Wrangham has been instrumental in identifying behaviors considered "human-specific" in chimpanzees, including culture and with Eloy Rodriguez, chimpanzee self-medication.
Among the recent courses he teaches in the Human Evolutionary Biology (HEB) concentration at Harvard are HEB 1330 Primate Social Behaviour and HEB 1565 Theories of Sexual Coercion (co-taught with Professor Diane Rosenfeld from Harvard Law School).
In March 2008, he was appointed House Master of Currier House at Harvard College.
He received an honorary degree in Doctor of Science from Oglethorpe University in 2011.
Wrangham began his career as a researcher at Jane Goodall's long-term common chimpanzee field study in Gombe Stream National Park in Tanzania.
He befriended fellow primatologist Dian Fossey and assisted her in setting up her nonprofit mountain gorilla conservation organization, the Dian Fossey Gorilla Fund (originally the Digit Fund).
Wrangham's focused recently on the role cooking has played in human evolution.
In Catching Fire: How Cooking Made Us Human, he argued that cooking food is obligatory for humans as a result of biological adaptations and that cooking, in particular the consumption of cooked tubers, might explain the increase in hominid brain sizes, smaller teeth and jaws, and decrease in sexual dimorphism that occurred roughly 1.8 million years ago.
Some anthropologists disagree with Wrangham's ideas, arguing that no solid evidence has been found to support Wrangham's claims, though Wrangham and colleagues, among others, have demonstrated in the laboratory the effects of cooking on energetic availability: cooking denatures proteins, gelatinizes starches, and helps kill pathogens.

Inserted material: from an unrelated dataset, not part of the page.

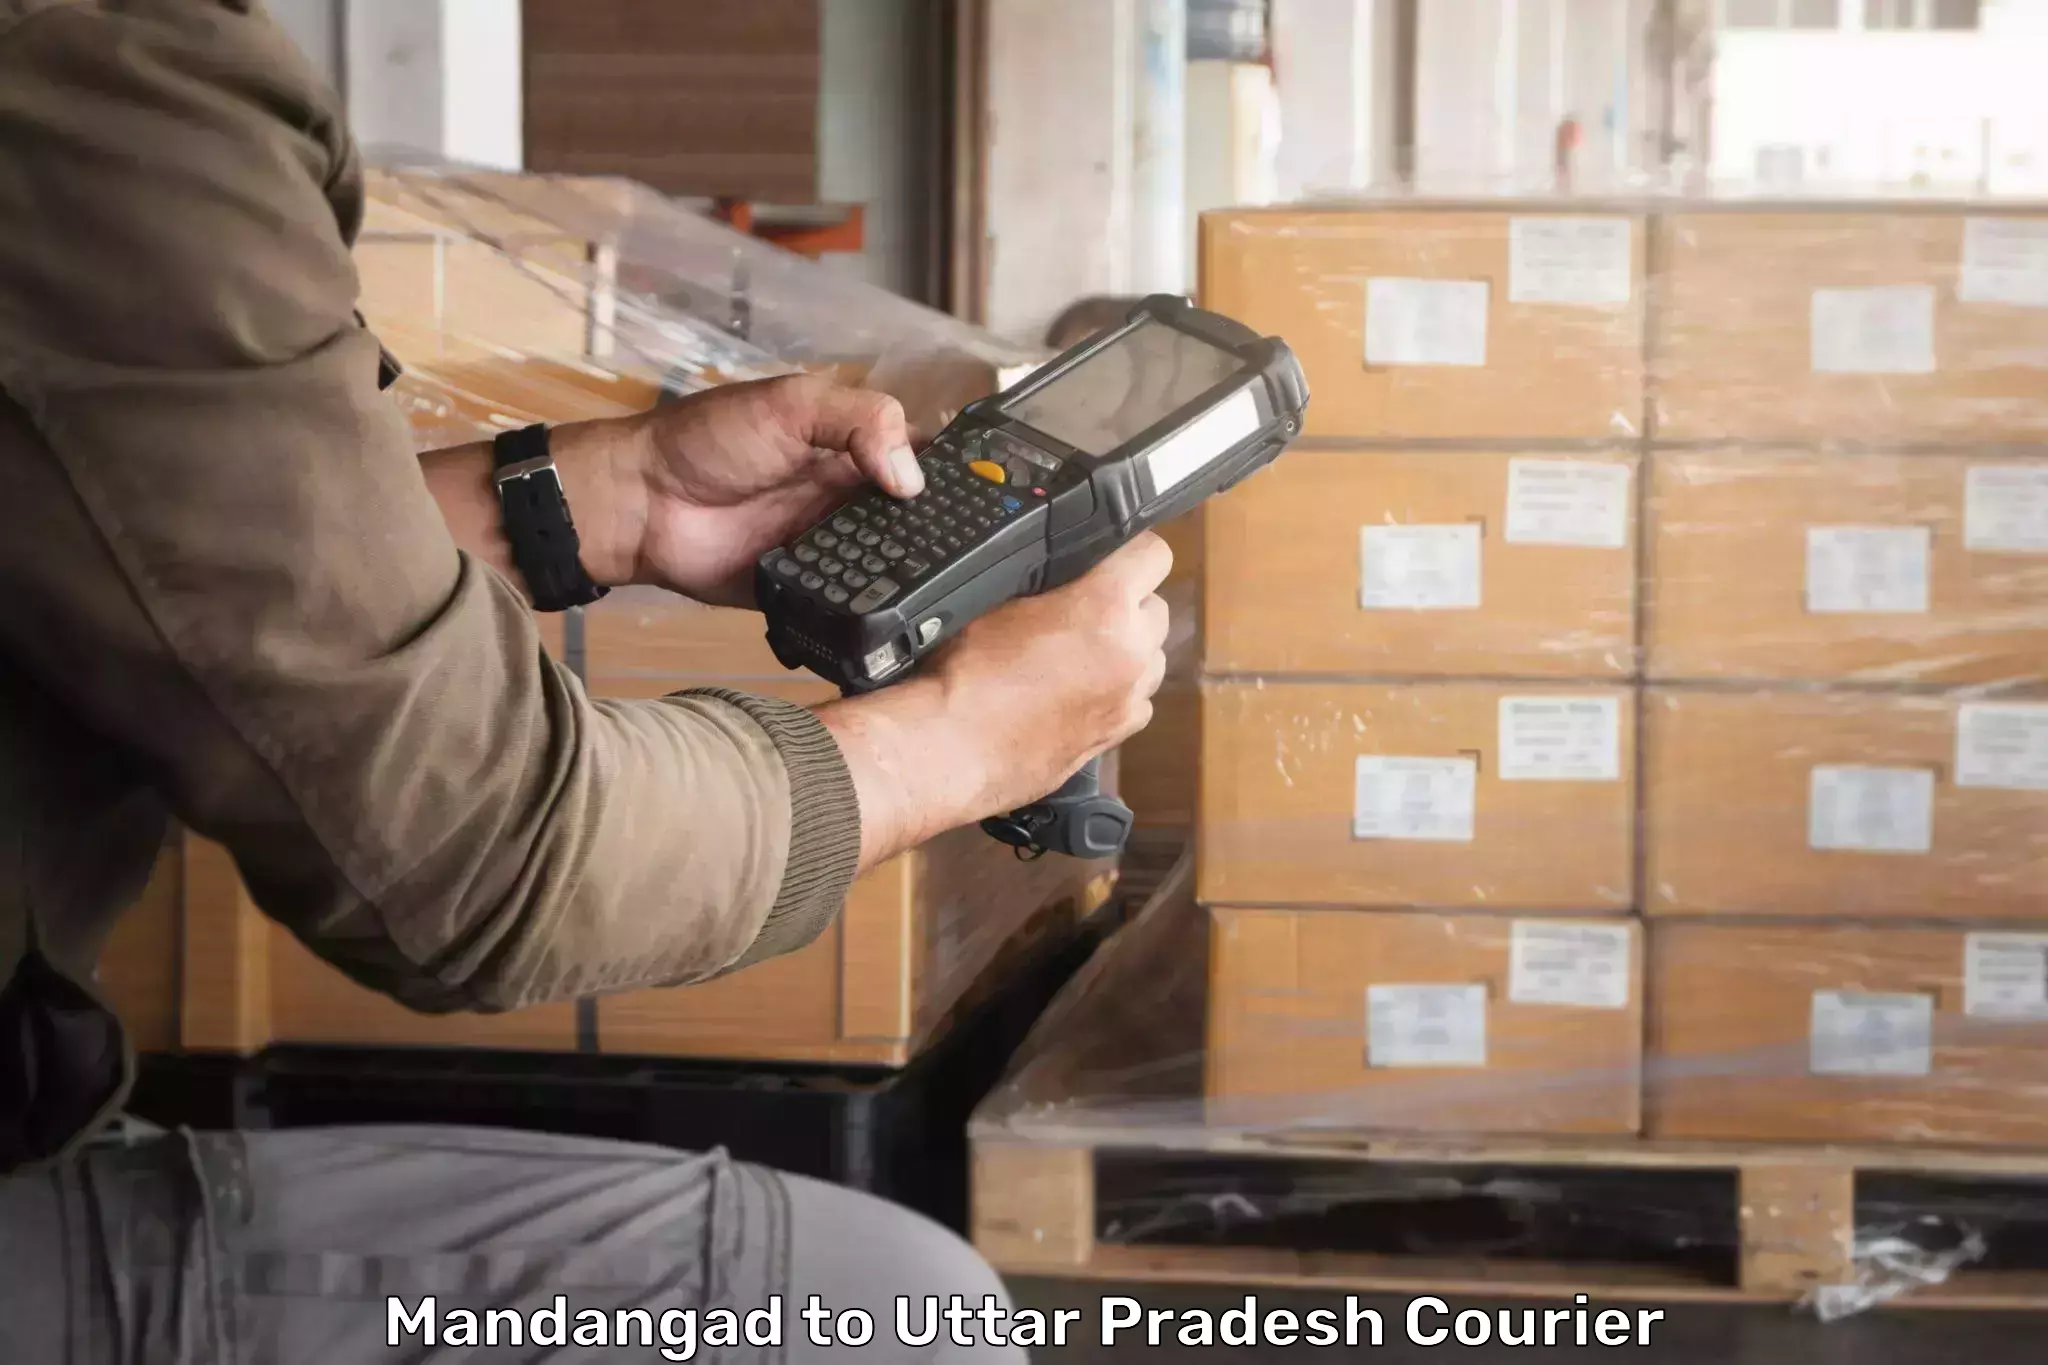 State-of-the-art courier technology Mandangad to Chitrakoot

The mainstream explanation is that human ancestors, prior to the advent of cooking, turned to eating meats, which then caused the evolutionary shift to smaller guts and larger brains.
In his 2019 book, The Goodness Paradox: The Strange Relationship Between Virtue and Violence in Human Evolution, Wrangham argues that humans have "domesticated" themselves by a process of self-selection, as opposed to our selective breeding of dogs, livestock, or (more recently) foxes by Dmitry Belyayev and others.
Wrangham distinguishes between "reactive aggression", when individuals lash out or react to a provocation, and "proactive aggression", which is planned, premeditated, and involves deliberate risk-avoidant tactical strikes, including war and capital punishment.
He claims that humans are paradoxically extraordinarily low in "reactive" aggression but very high in and highly skilled at "proactive" aggression, and he argues that the threat of proactive aggression by males has played a crucial role in human psychology, patriarchy, so-called "morality" and history.